FAQ for CLIP1
This page contains some background information on the topics of lyric intelligibility, hearing loss and objective measures. We will also be updating it with answers to any challenge-specific questions that we receive.
1. Lyric Intelligibility
1.1 What is Lyric Intelligibility?
For spoken language, speech intelligibility is generally used in two different ways. It can refer to how much speech is understood by a listener, or to the number of words correctly identified by a listener as a proportion or percentage of the total number of words. The same two views apply to lyric intelligibility. For the Cadenza project, we are using the latter definition, i.e. the percentage of words in a sentence that a listener identified correctly. This percentage is the target for your prediction models.
Lyric intelligibility, as defined by Cadenza's sensory panel of hearing aid users, refers to "how clearly and effortlessly the words in the music can be heard". Fine et al. [1] reported that trained and amateur singers (including singing teachers) believe that the understanding of the sung message while hearing a song is very important for their enjoyment.
1.2 How is Lyric Intelligibility measured with listeners?
In the Cadenza project, and vy using Prolific, various listeners with normal hearing transcribed the words from song excerpts processed in various ways, e.g. as-is and passed through a hearing loss simulation. In this project, lyric intelligibility is measured as the number of words identified correctly as a percentage of the total number of words in a sentence.

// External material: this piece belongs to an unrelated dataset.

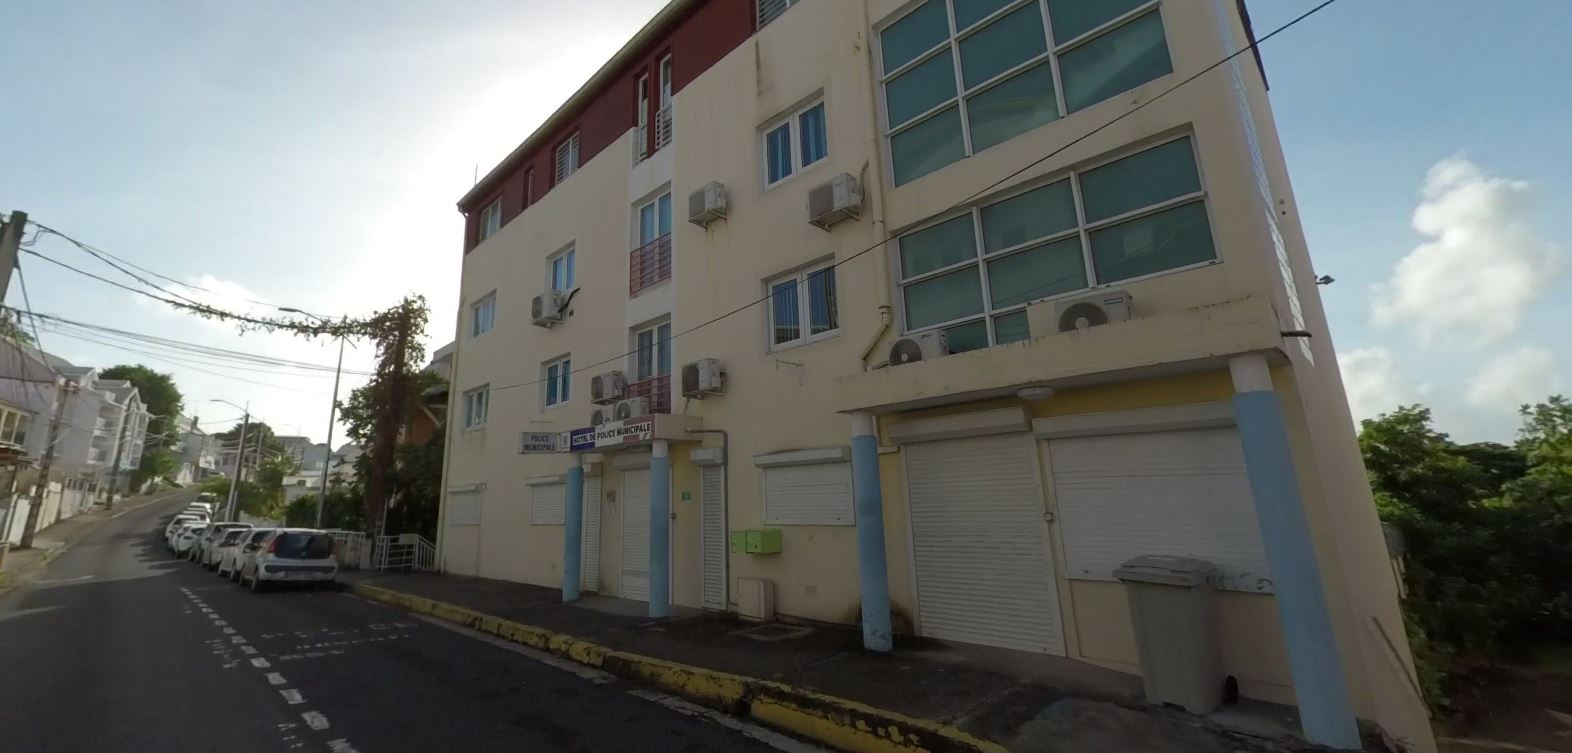 Le Gosier (Guadeloupe). Ce bâtiment abrite la police municipale du Gosier. (illustration) Google street view

You might consider looking at speech intelligibility metrics, such as Word Error Rate (WER), which picks up on, e.g. where listeners insert words not in the original sentence. You might also consider looking lyric intelligibility like the singing adapted STOI, which combines the traditional STOI metric with vocal-specific features to account for the different singing styles. You might do this if you think that an estimate of WER or other metrics would help your system to estimate lyric intelligibility, as defined in the Cadenza project.

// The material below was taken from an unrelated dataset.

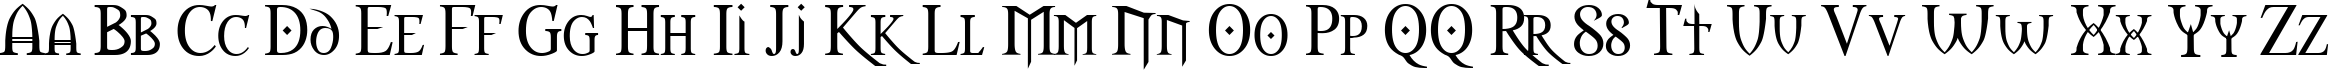 Пример написания английского алфавита шрифтом Morpheus Regular

1.3 How is Speech Intelligibility objectively measured by a computer?
Objective measures - or metrics - of lyric intelligibility are used to allow a computer to estimate the likely performance of humans in listening tests. The main goal of entries to the prediction challenge is to produce one of these measures that performs well for listeners with hearing loss. There are two broad classes of speech intelligibility models:
- Intrusive metrics (also known as double-ended) are most common. This is where the intelligibility is estimated by comparing the degraded or processed speech signal with the original clean speech signal.
- Non-intrusive metrics (also known as single-ended or blind) are less well developed. This is where intelligibility is estimated from the degraded or processed speech signal alone.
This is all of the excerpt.